**Task brief**. A verbatim copy is needed of the lines below from the one containing "Un Keto-Mojo cetona" up to and including the one containing "Route von Athen nach Düsseldorf", excluding pictures.

**Recorded information**.

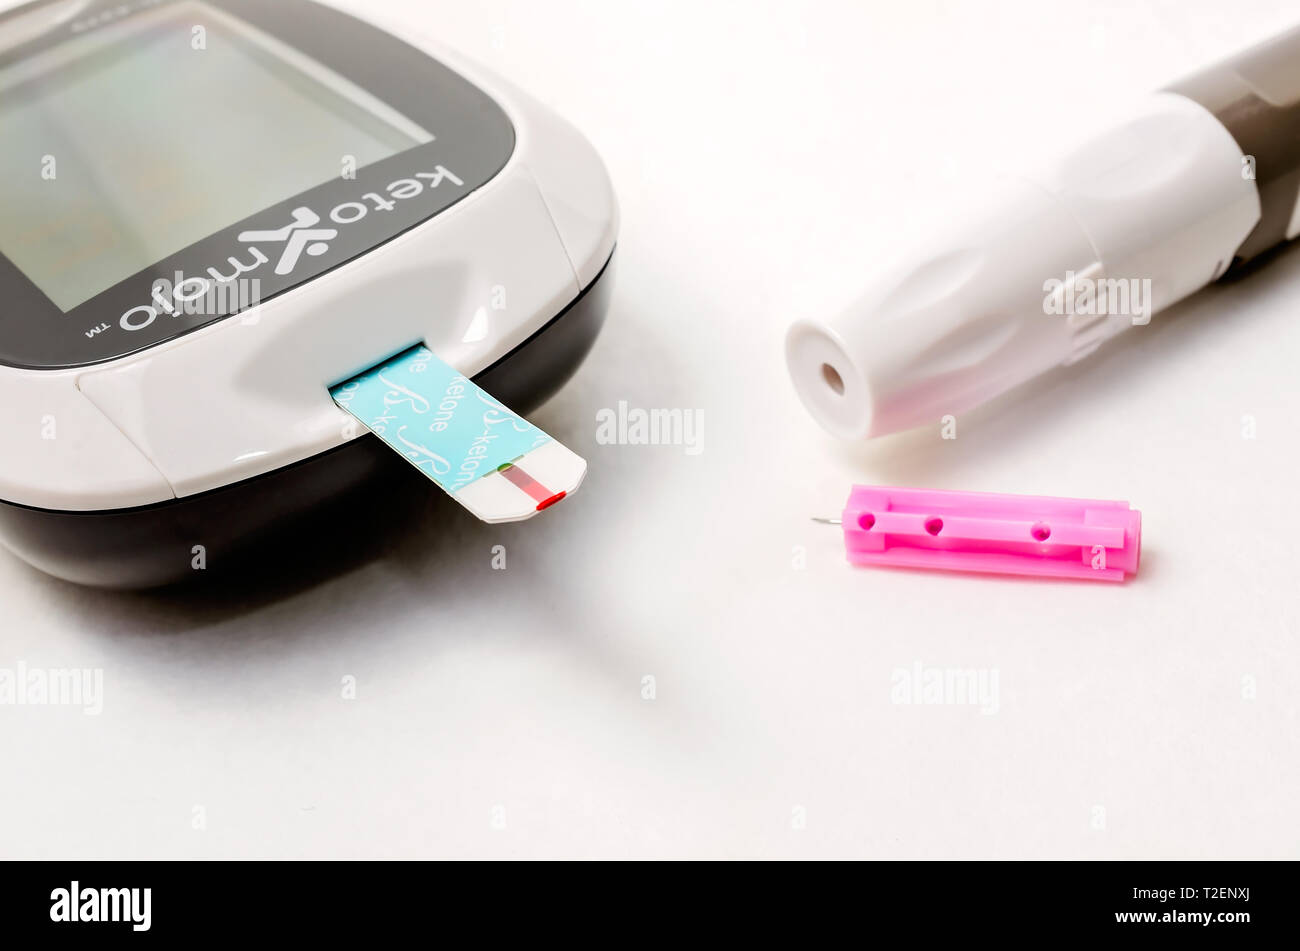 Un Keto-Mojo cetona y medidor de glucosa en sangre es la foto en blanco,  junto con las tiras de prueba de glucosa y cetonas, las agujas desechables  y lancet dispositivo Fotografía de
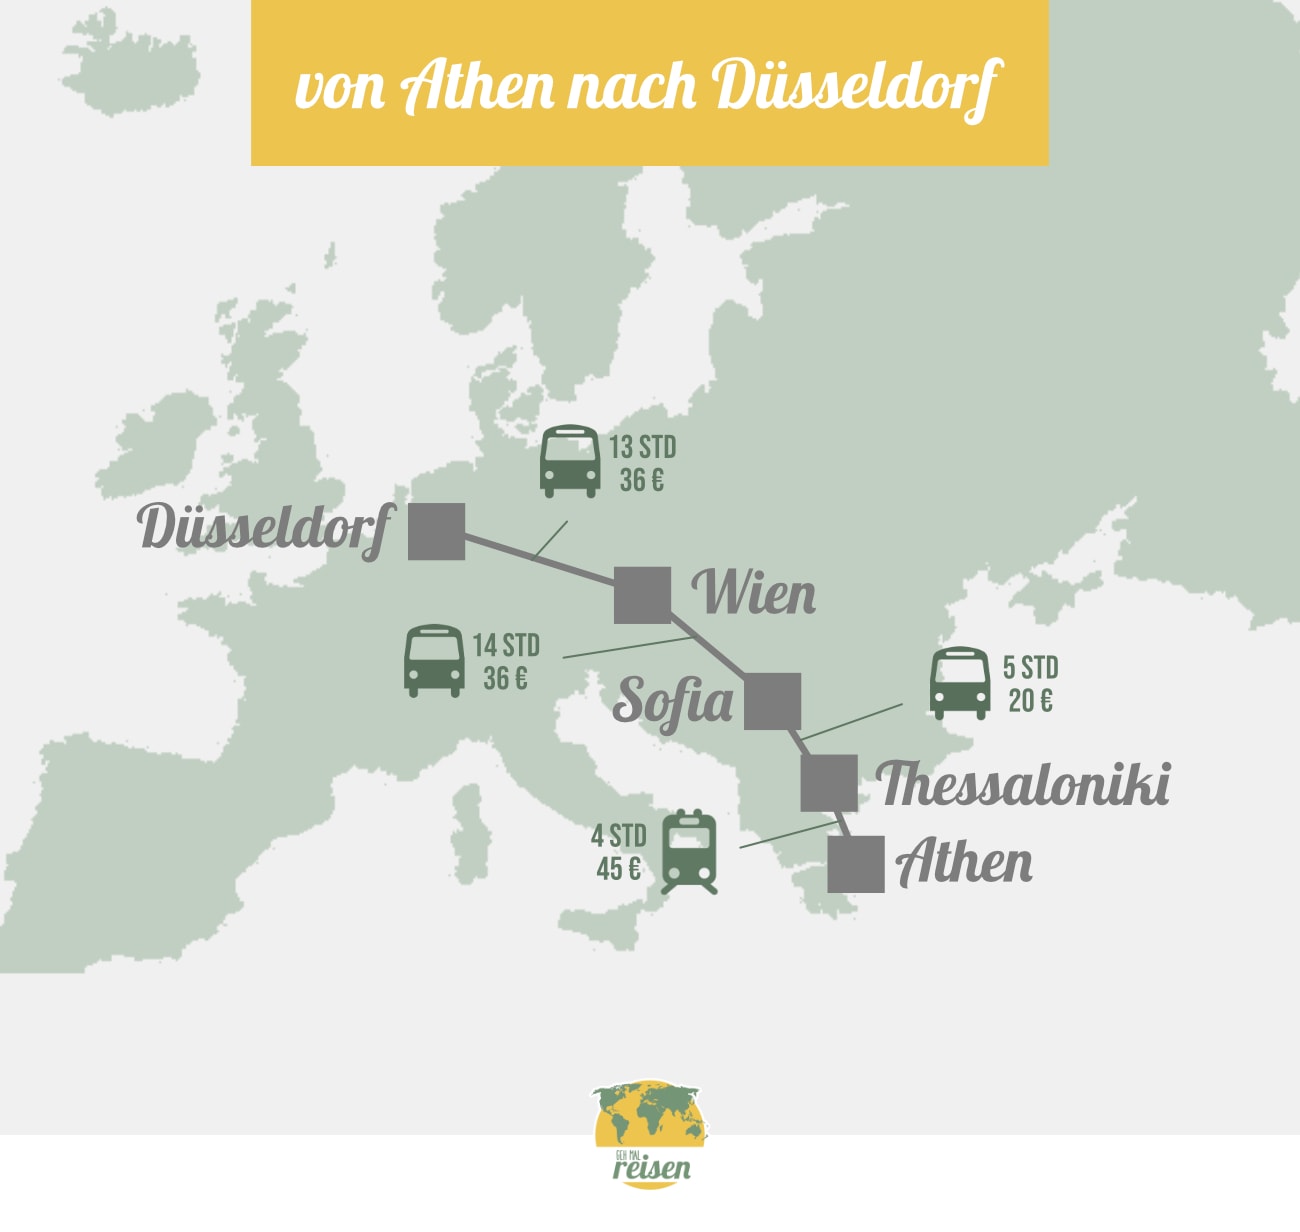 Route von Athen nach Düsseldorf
--
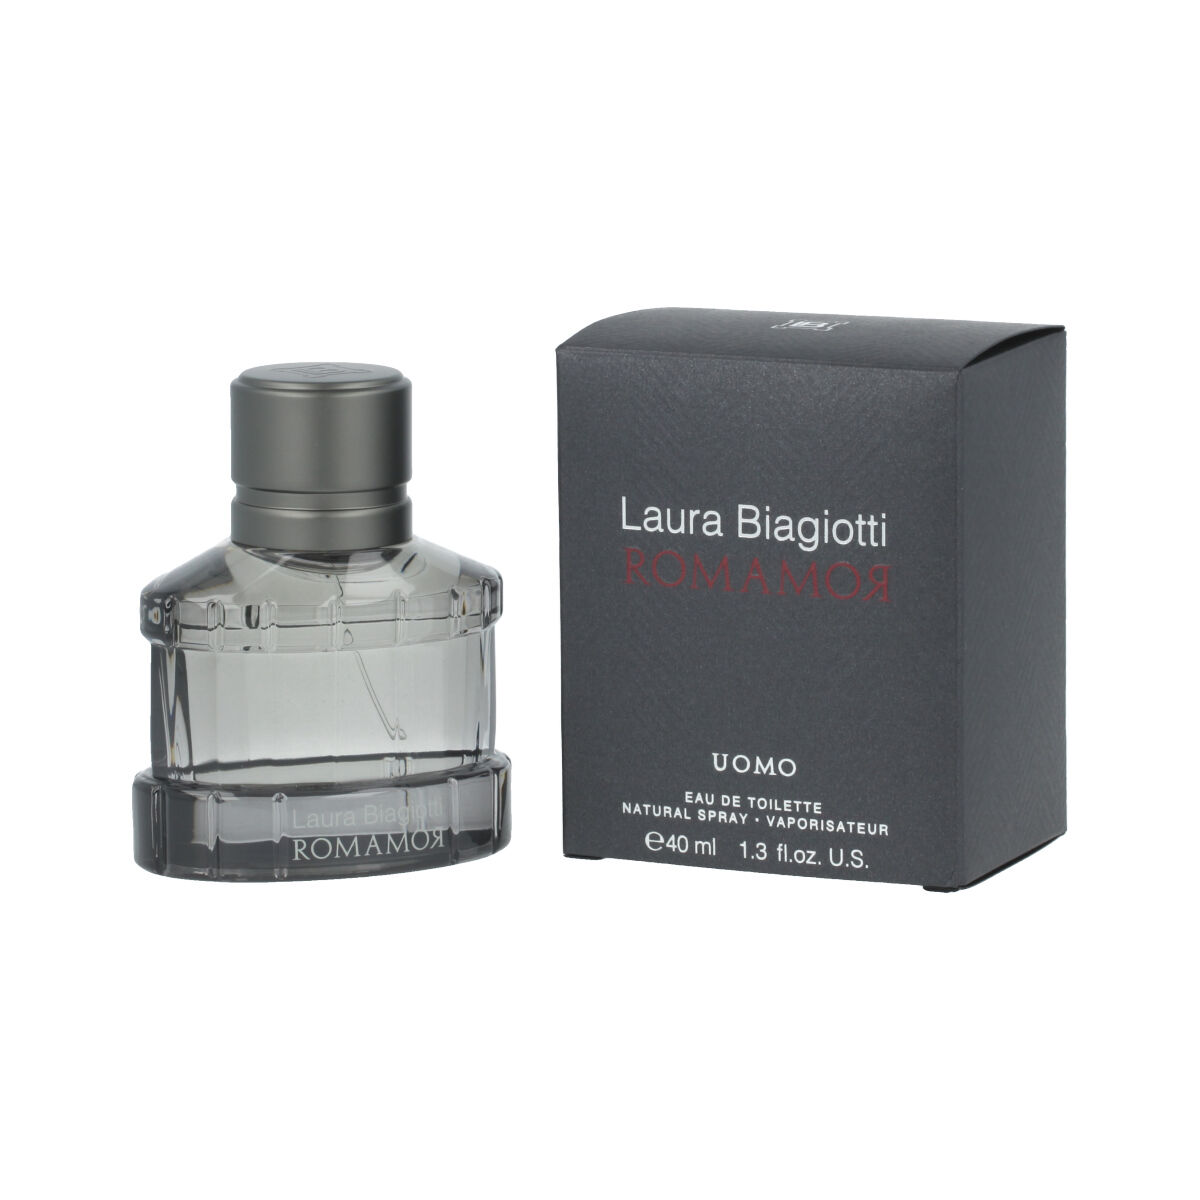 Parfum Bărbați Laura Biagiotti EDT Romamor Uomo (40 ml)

**Reply**.
 Un Keto-Mojo cetona y medidor de glucosa en sangre es la foto en blanco,  junto con las tiras de prueba de glucosa y cetonas, las agujas desechables  y lancet dispositivo Fotografía de
 Route von Athen nach Düsseldorf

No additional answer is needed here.